What I found is that, despite the government’s efforts, some parts of California still lack basic facilities for MAT. Eight of the top nine California counties with the highest opioid overdose rates in 2017 don’t have a single methadone clinic.
In addition, I identified almost 100 California facilities that confirmed for me over the phone that they treat opioid addiction, but don’t offer MAT. Another several hundred facilities aren’t licensed to provide MAT. That doesn’t mean clients at those facilities can’t get MAT. Like Stephanie, they could get medicine in one clinic and additional counseling somewhere else. But such a bifurcated system forces already vulnerable people to get treatment in two different places that may send them conflicting messages. State and county officials are trying to get everyone on the same page, but some treatment providers I talked with thought it would take years to do so. What happens to those who come into the system in the meantime? “We’re hoping it’s not going to be a bad experience,” says Garrett Stenson, C.O.R.E.’s program director.

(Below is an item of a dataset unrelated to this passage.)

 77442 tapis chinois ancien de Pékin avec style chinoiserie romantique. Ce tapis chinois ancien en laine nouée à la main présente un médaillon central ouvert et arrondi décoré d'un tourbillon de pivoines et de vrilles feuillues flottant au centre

Finally, a significant minority of treatment centers are reluctant to embrace MAT for philosophical reasons. There’s a lingering belief among some in the treatment industry that taking methadone or buprenorphine is trading one addiction for another. “Oh, no, no, no, that’s not recovery,” the man who picked up the phone at Latinos Recovery Home in Los Angeles told me in November. “That’s just a Band-Aid from one drug to another.” (Nobody at Latinos Recovery Home responded to a request for comment in April, after the law requiring licensed residential centers to accept MAT patients had gone into effect.)

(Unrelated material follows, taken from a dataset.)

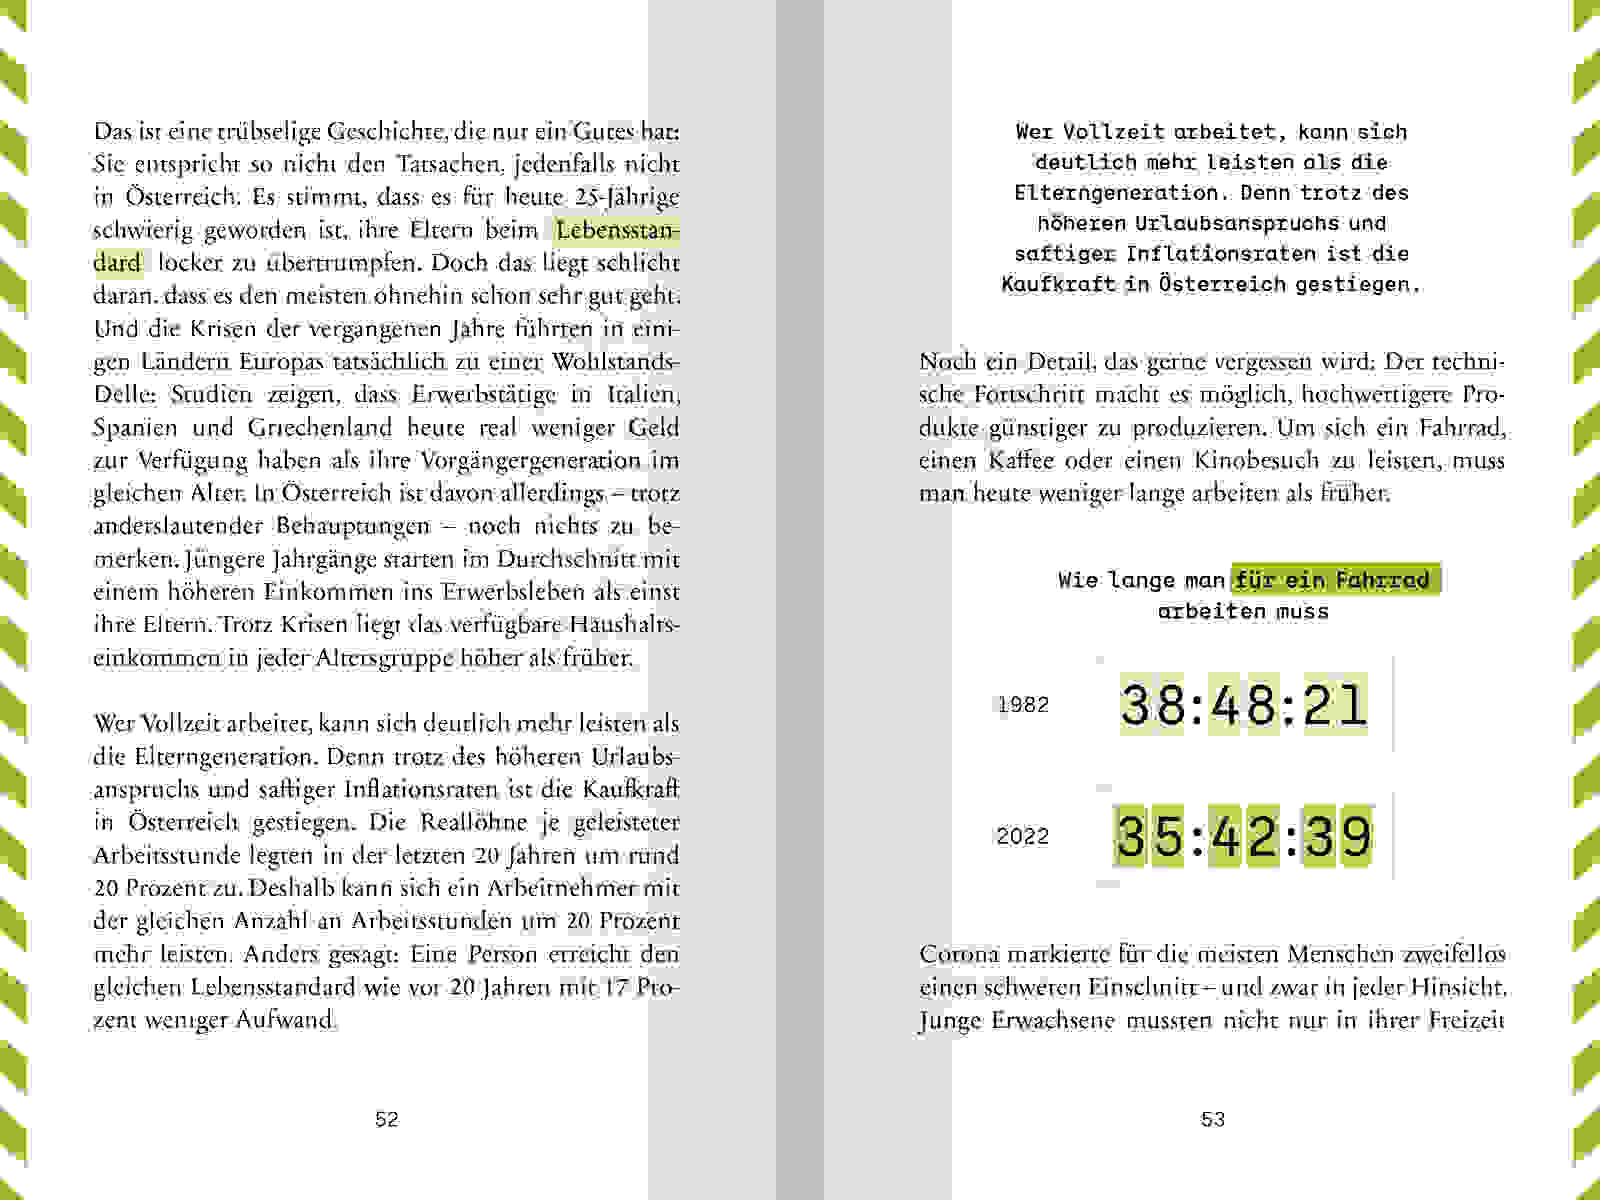 WEB AA Handbuch Wirtschaftsmythen 120x180mm S52 53

It’s true that methadone and bupe are both opioids, can produce highs, and can make people overdose. People can resell these medications on the black market, just as they do prescription painkillers like OxyContin and Percocet. A third FDA-approved MAT medication, naltrexone, works a bit differently from the other two: It hugs the opioid receptors in the brain tightly, preventing addictive opioids from slipping in and triggering euphoria, so it’s not as controversial. But one study found that only about 11 percent of people stick to their naltrexone treatment. Addiction doctors like to see clinics have all three medicines on deck, so patients can use the one that works best with their brain chemistry.
Beyond that, the alternatives are grim. The irony of seeking any help for opioid addiction is that, while it’s the first step toward reclaiming a life, it also puts people in a precarious position. The brain gets used to being flooded repeatedly with opioids, whether from pills, heroin, or other street drugs. As the body builds tolerance, it starts reacting less, which means that users get less of a high: Nothing’s like the first time. A less-reactive brain also means opioids don’t trigger side effects, like suppressed breathing, as strongly in heavy users.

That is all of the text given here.